TASK REQUIREMENTS: Copy the data that follows, character for character, minus the pictures.

GIVEN INFORMATION:

BEGIN

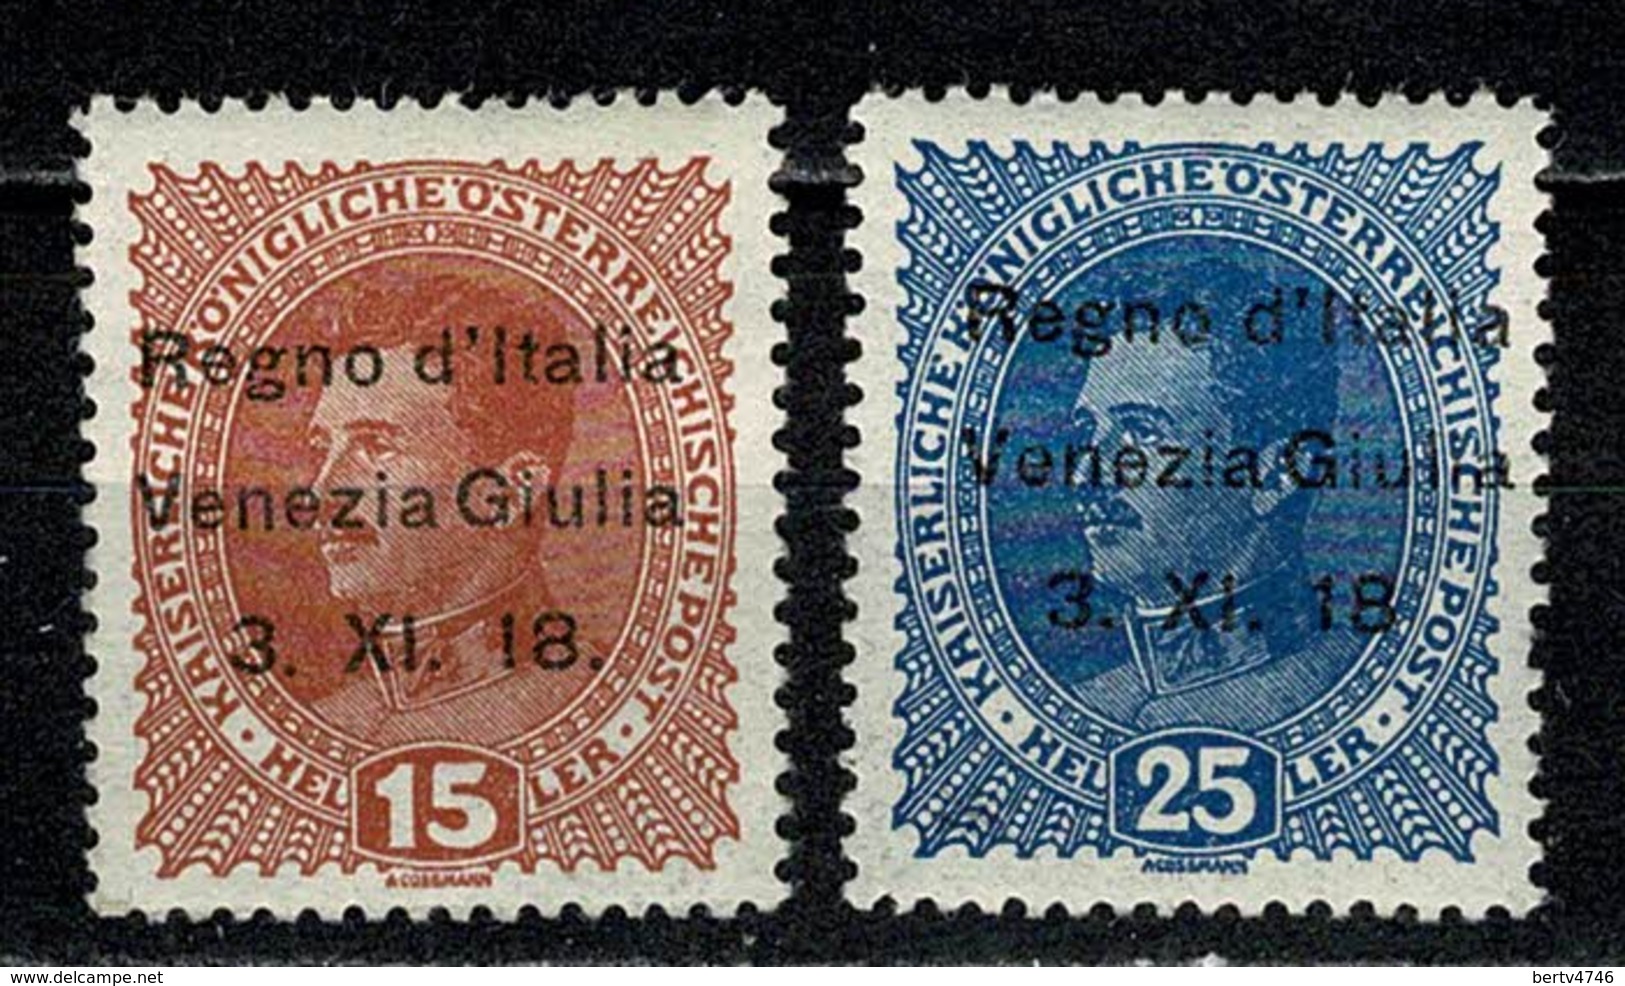 Venezia Giulia 1919 Yv 6*, 8* MH  Cat. Yv € 9,75 ( 2 Scans ) - Vénétie Julienne
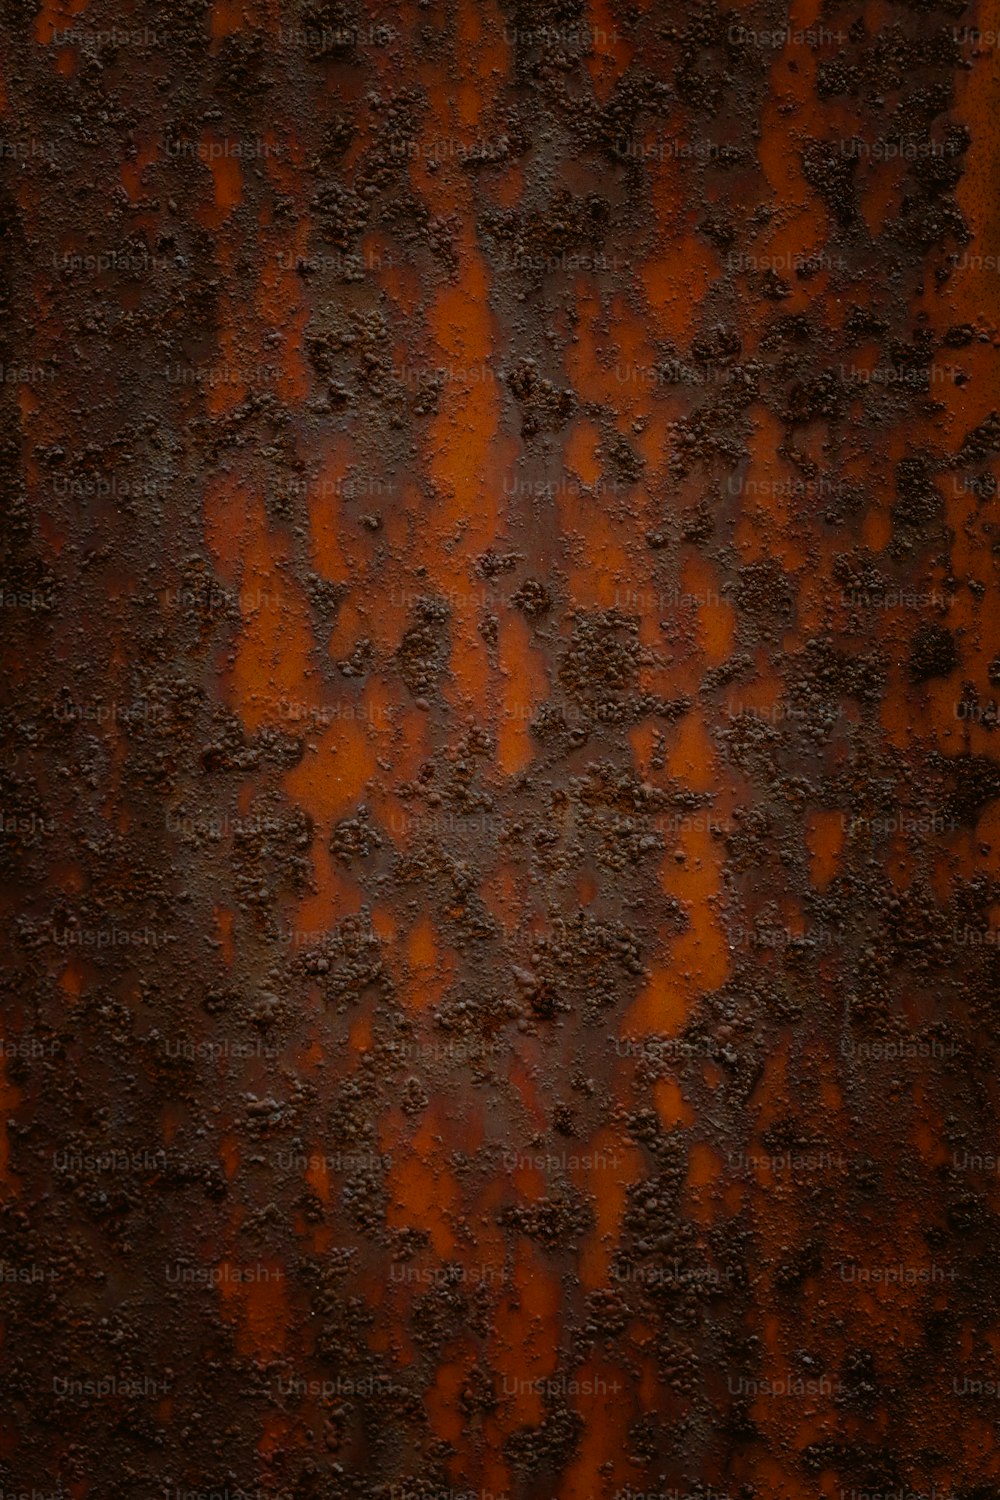 eine verrostete Metalloberfläche mit orangefarbenen Streifen
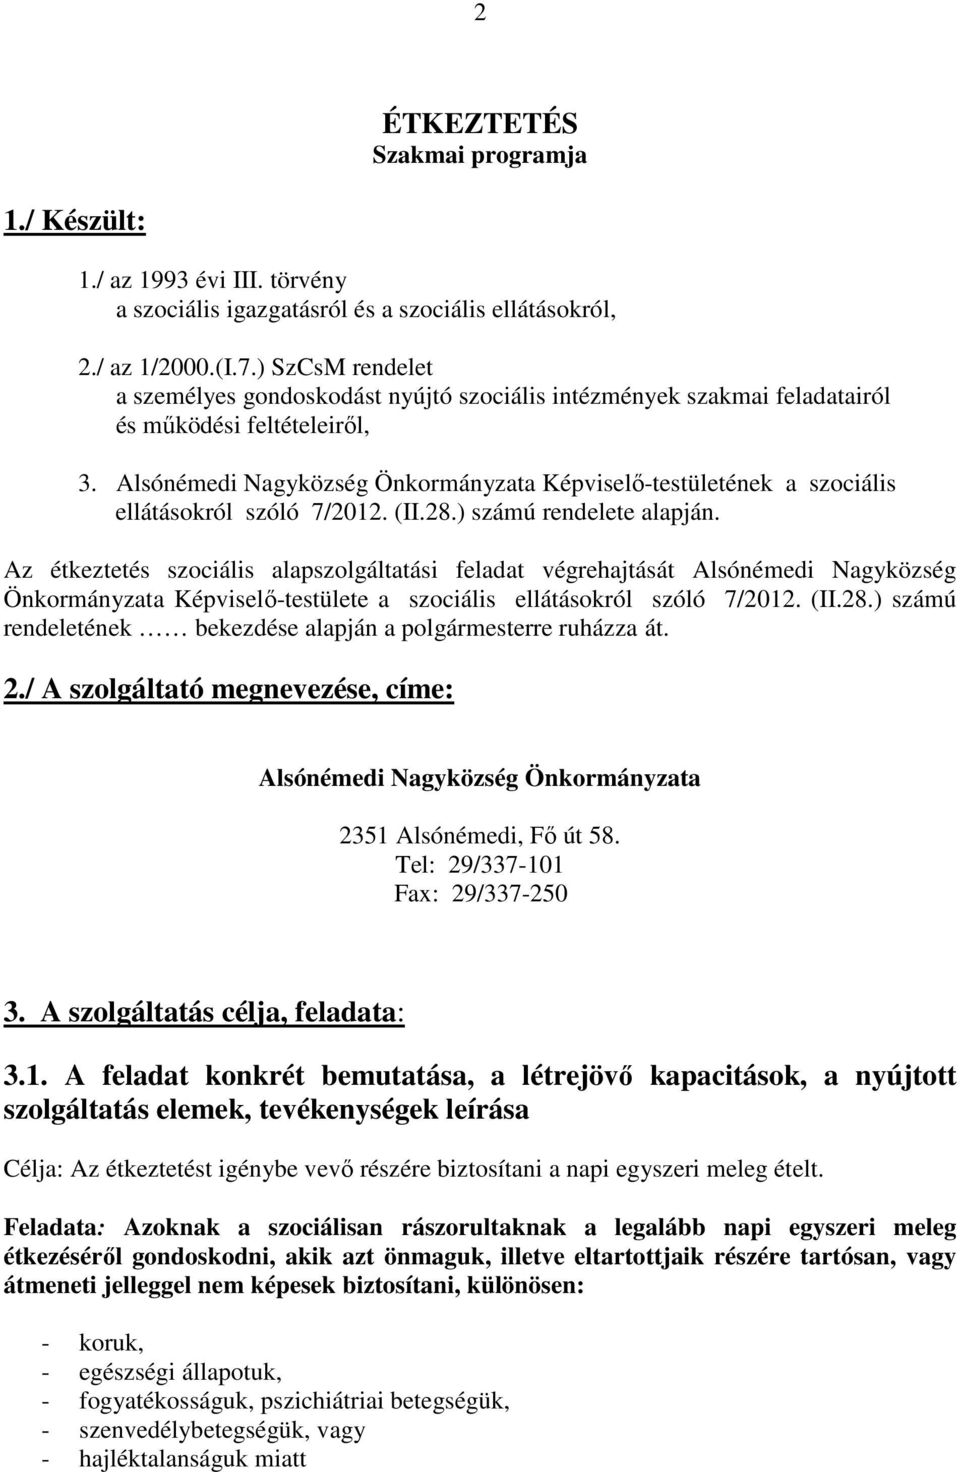 Alsónémedi Nagyközség Önkormányzata Képviselı-testületének a szociális ellátásokról szóló 7/2012. (II.28.) számú rendelete alapján.

END

SOLUTION TO THIS TASK:
 Venezia Giulia 1919 Yv 6*, 8* MH  Cat. Yv € 9,75 ( 2 Scans ) - Vénétie Julienne
 eine verrostete Metalloberfläche mit orangefarbenen Streifen
 Alsónémedi Nagyközség Önkormányzata Képviselı-testületének a szociális ellátásokról szóló 7/2012. (II.28.) számú rendelete alapján.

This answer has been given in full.